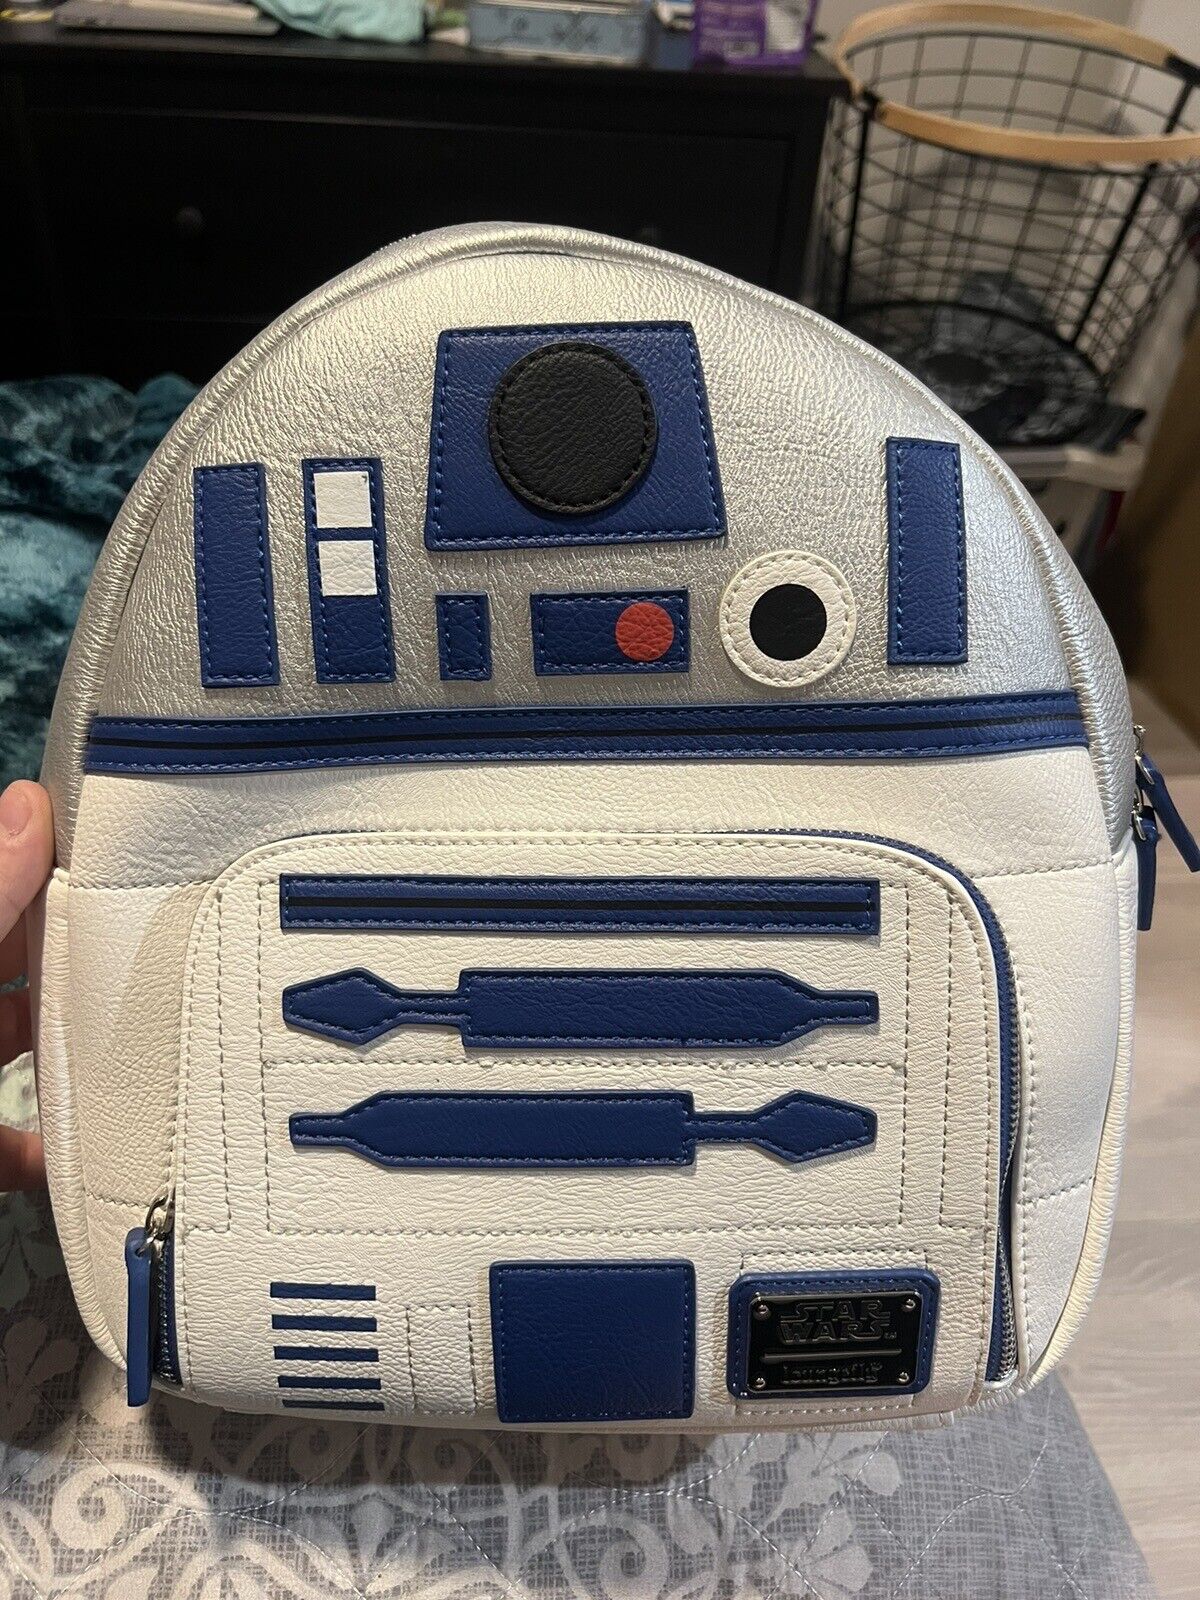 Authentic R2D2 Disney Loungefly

* * *

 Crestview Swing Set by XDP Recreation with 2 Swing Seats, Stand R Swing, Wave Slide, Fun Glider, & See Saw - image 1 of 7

* * *

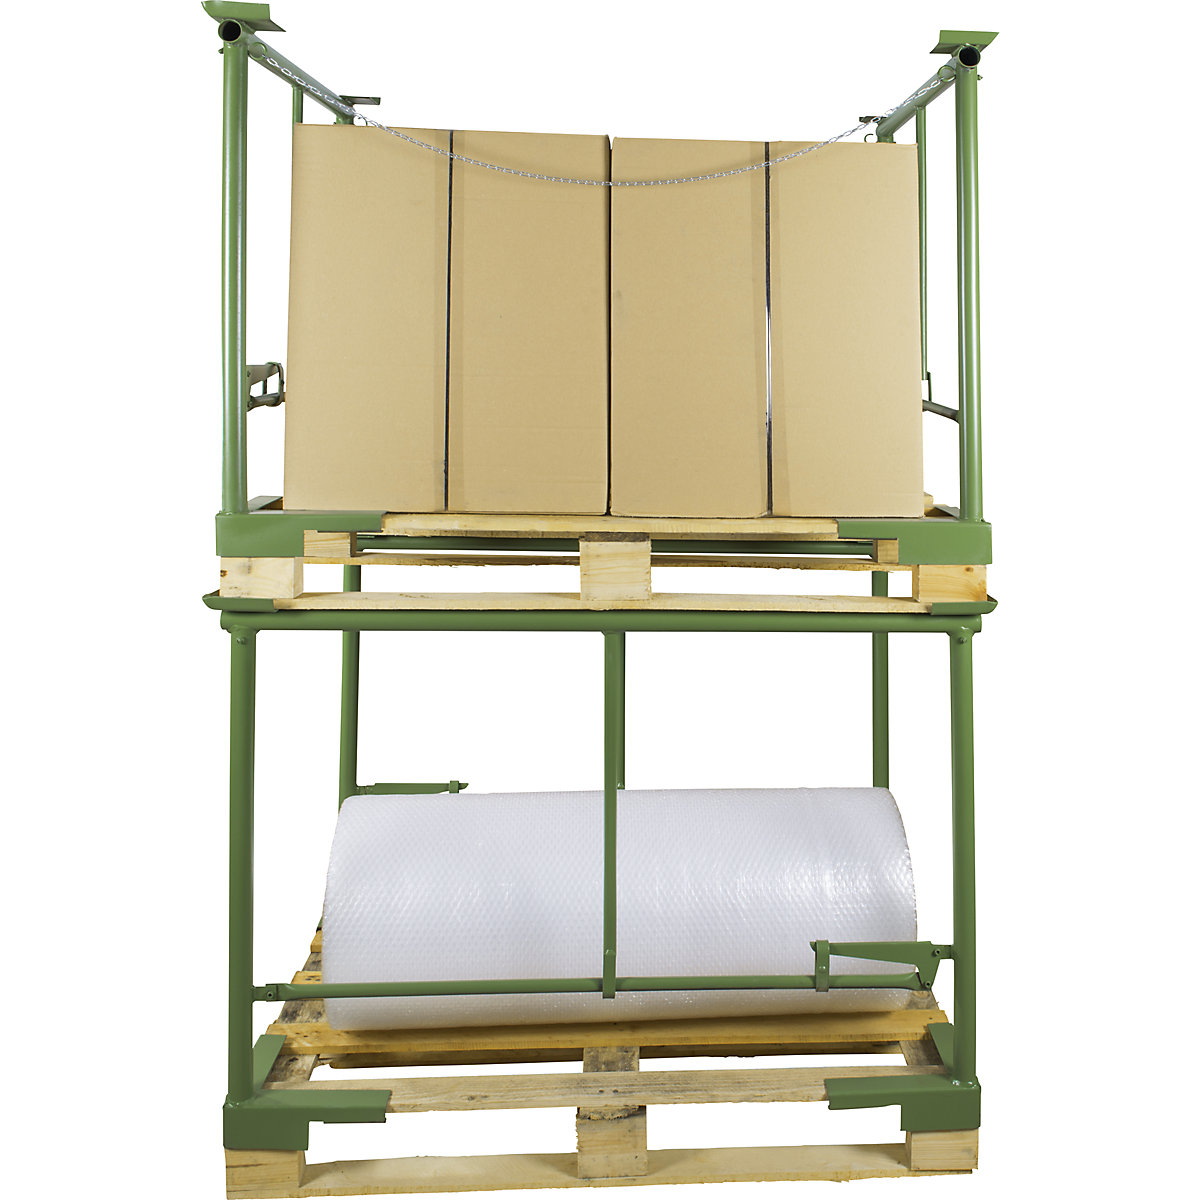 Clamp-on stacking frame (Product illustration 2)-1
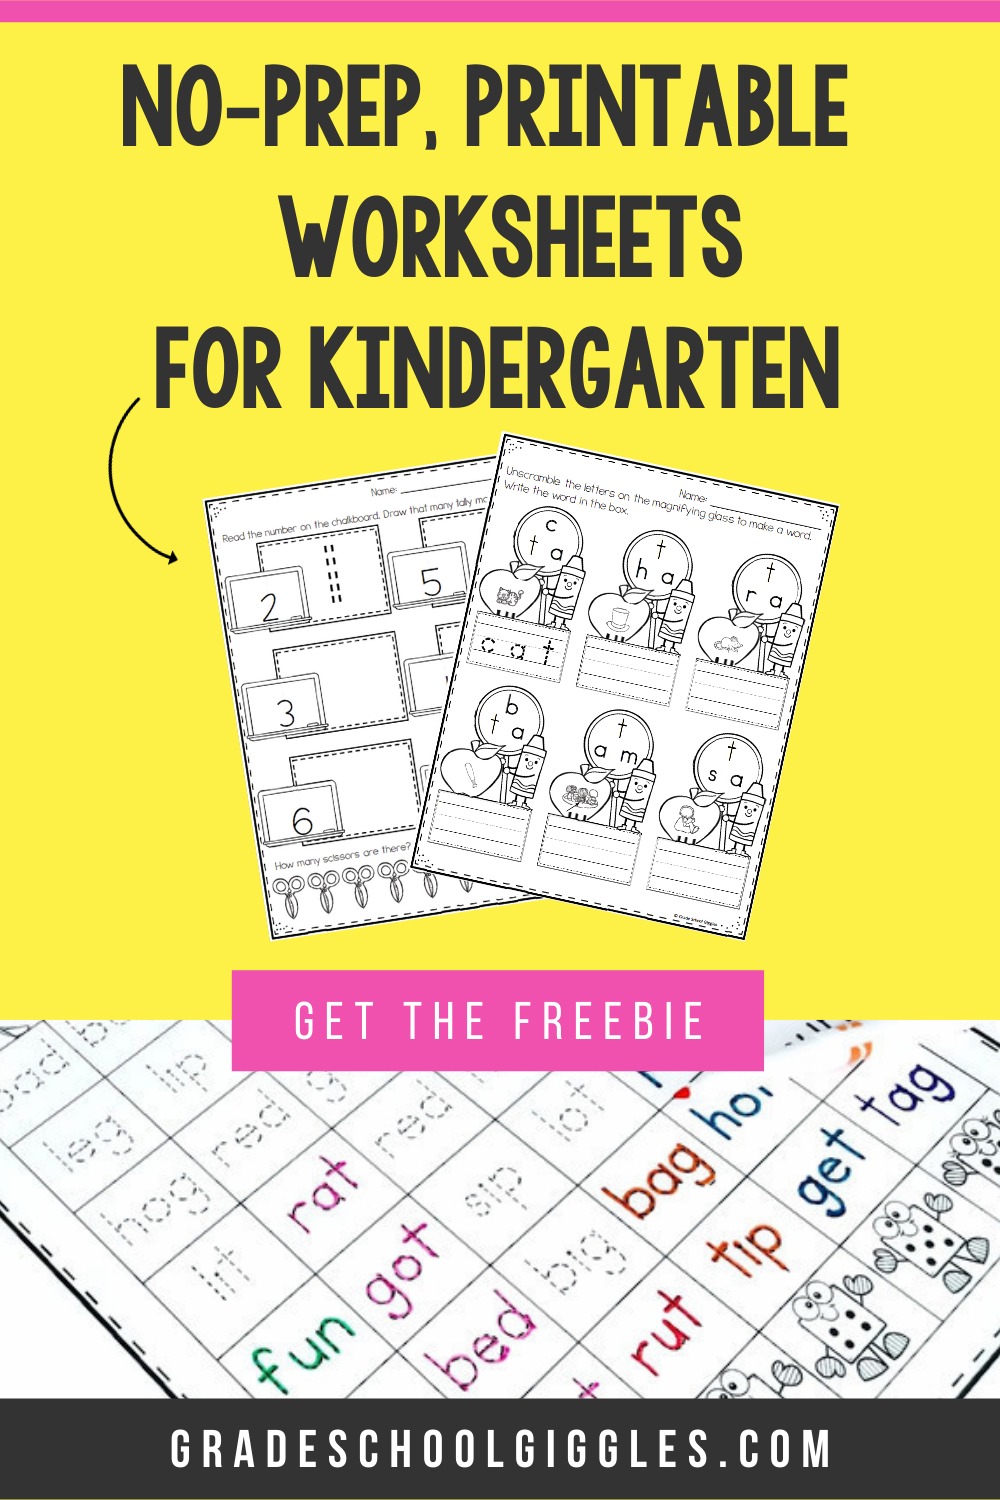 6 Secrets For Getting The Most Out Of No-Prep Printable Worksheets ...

§ **WORK ITEM**
Return only the part above that opens with the line containing "Clamp-on stacking frame" and closes with the line containing "6 Secrets For", exactly and with both ends, skipping the pictures.

§ **TASK SOLUTION**
 Clamp-on stacking frame (Product illustration 2)-1
 6 Secrets For Getting The Most Out Of No-Prep Printable Worksheets ...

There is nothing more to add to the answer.